The variable relates to a persons situation and how it has changed over the last five years. Let us look at it. Type: tab2 pers pers

The most common response was improved, but for over half of the sample this was not the case

Ordered probit We use this when we have discrete data and when it is ordered. In this case 1 best (improved) 2 next best (stayed about the same) 3 worst (got worse). The ordering is clear.

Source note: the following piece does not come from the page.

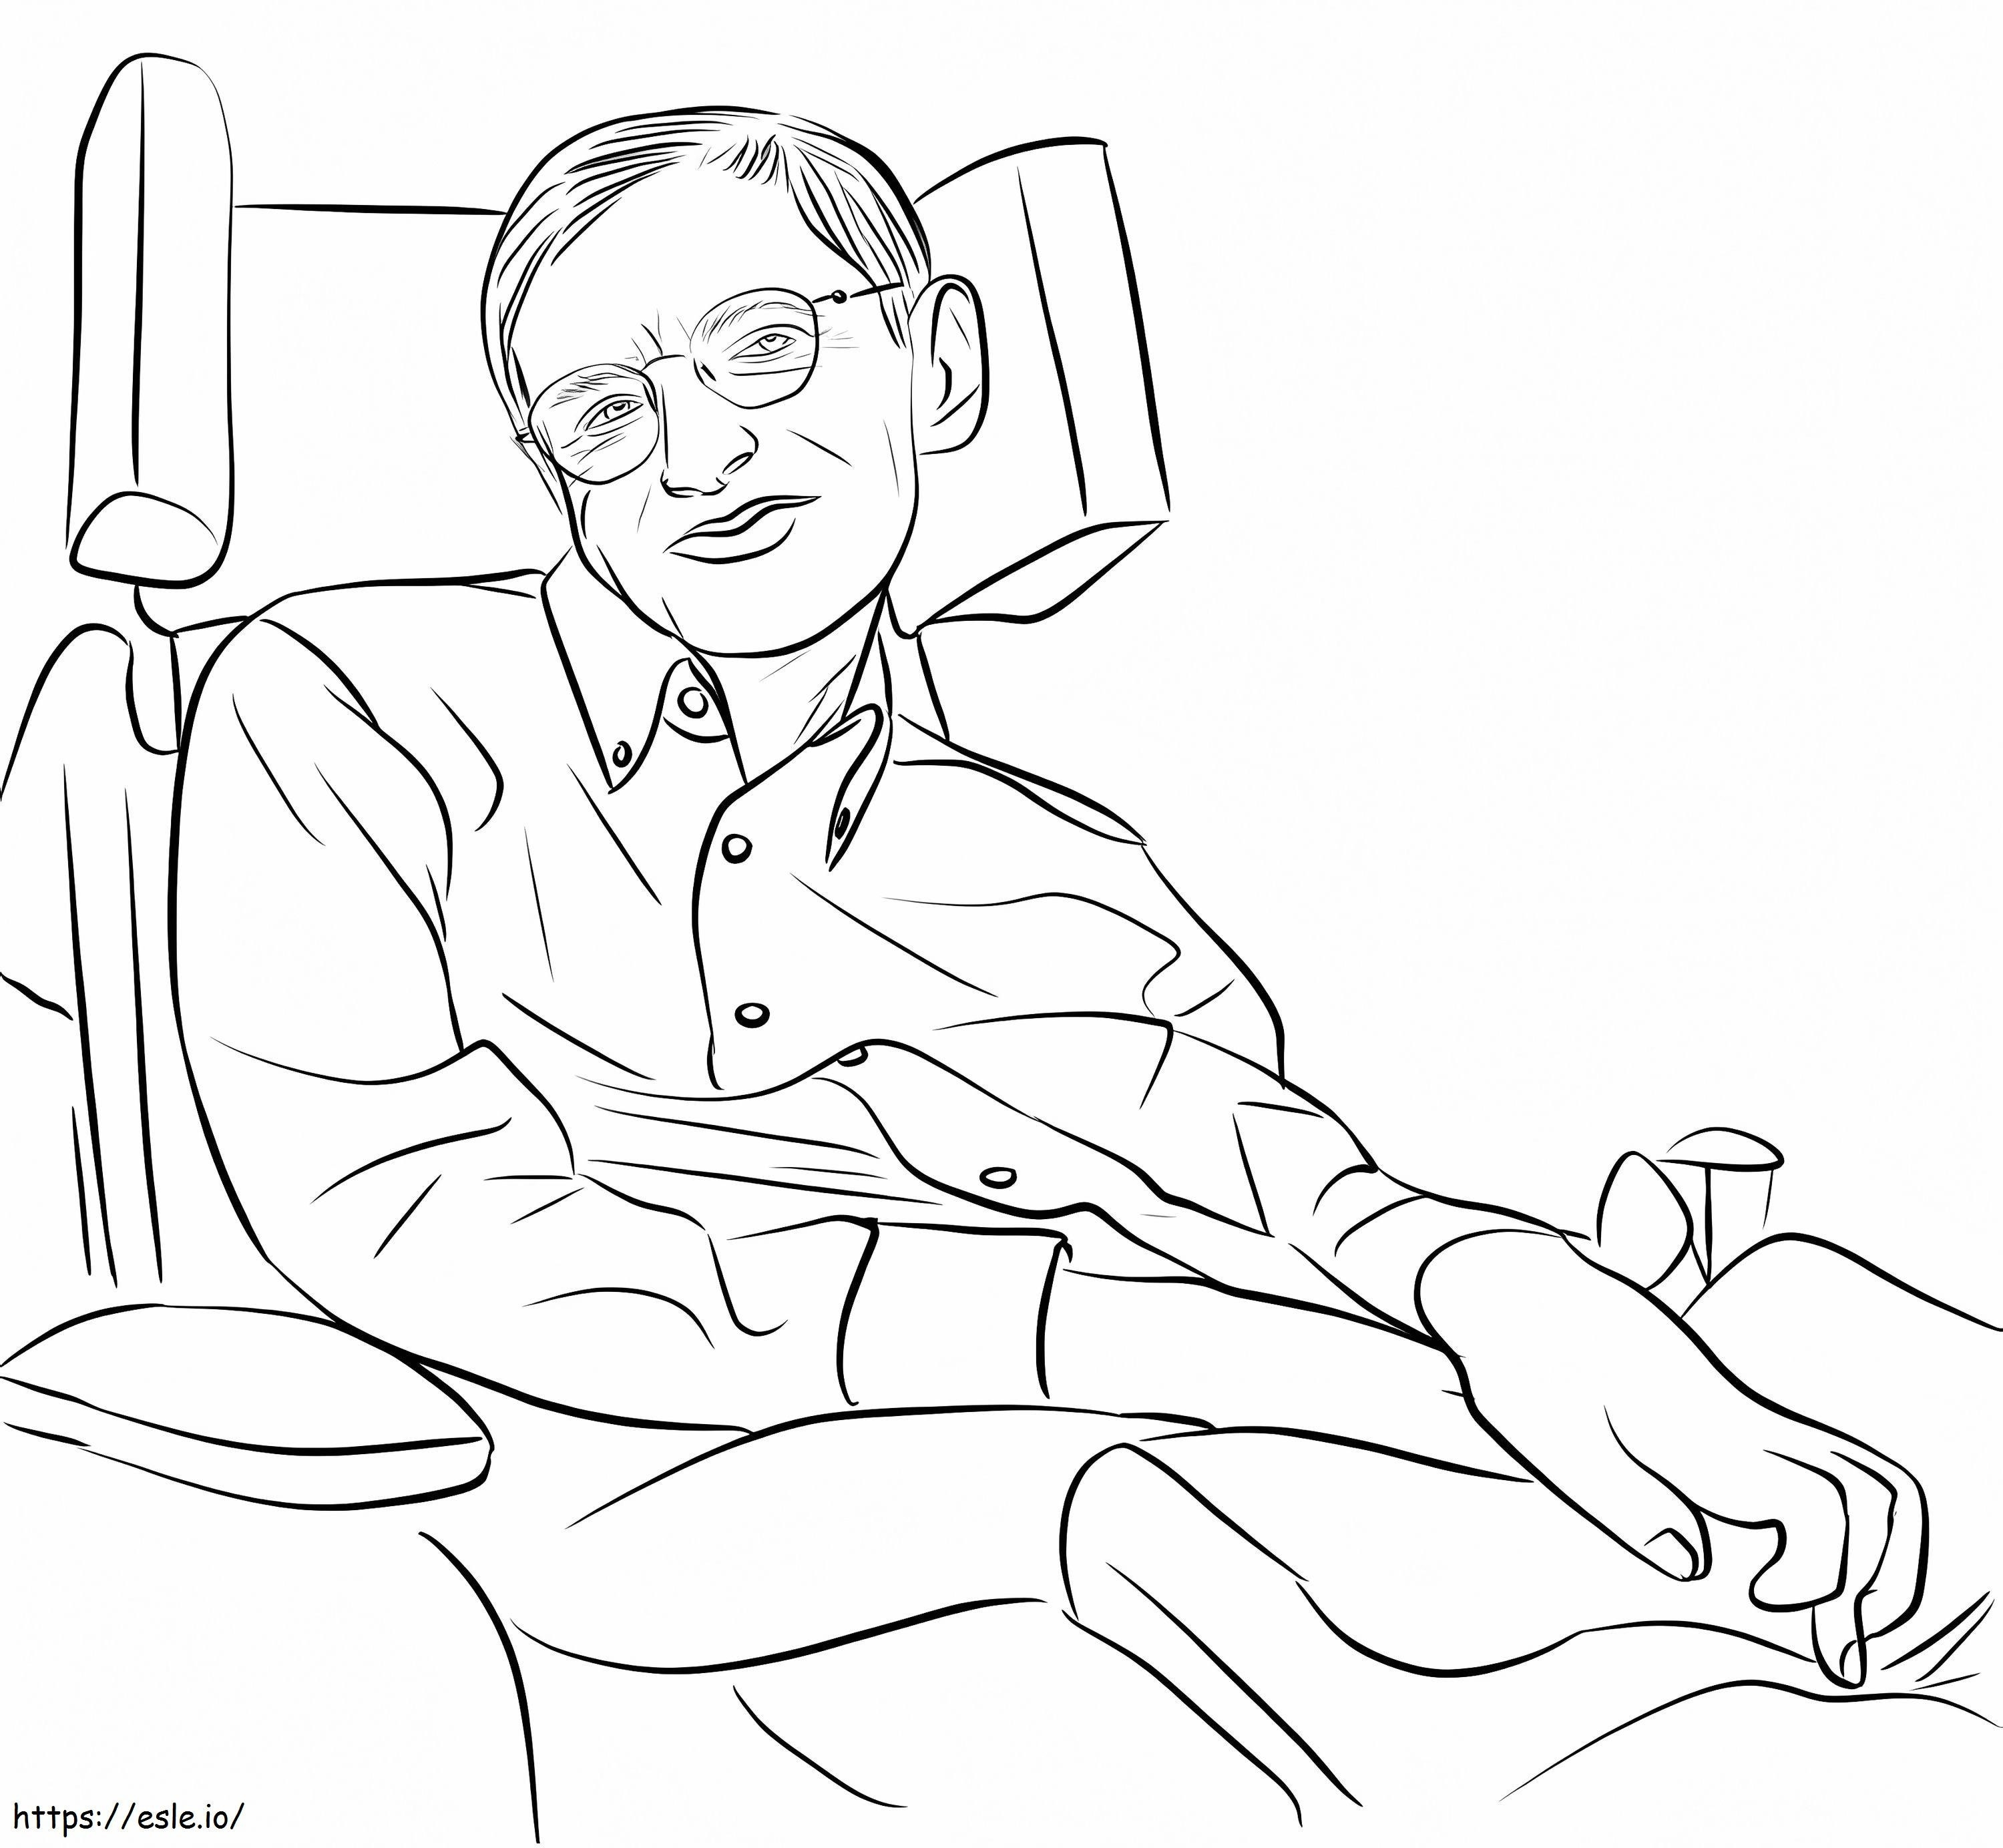 Stefan Hawking kleurplaat kleurplaat

Change in personal situation Assume an underlying and continuous variable relating to changes in the individuals personal situation

Change in personal situation If this underlying variable is to the left of μ 1 we classify the variable as 1 the individuals position has improved

Change in personal situation If this underlying variable is to the right of μ 2 we classify the variable as 3 the individuals position has got worse

Change in personal situation In between these two values we classify the variable as 2 the individuals position has stayed the same

You might say: surely stay the same is one specific value (perhaps 0) anything to the left of this has improved and anything to the right has got worse. But it is common to assume a range of values which denote too small a change to denote either improve or got worse and these values are μ 2 and μ 1

Do the estimation. Simply use oprobit rather than regress. oprobit persi lgnipc male age agesq rlaw estonia village town selfemp marrd educ2 unemp manual if age 17 & persi<4 This regresses persi (note we do not have to write its full name as this is the only variable in the data set to begin with persi) on a set of right hand side variables

if age 17 & persi<4 This limits the regressions to individuals older than 17 and under 98 and also cuts out those who answered dont know (coded 4) for persi

The results

The summary output shows the number of observations, the log likelihood and the likelihood ratio. A pseudo R 2 is exactly that and we may cover in the lectures later. It is rarely very high in ordered probit.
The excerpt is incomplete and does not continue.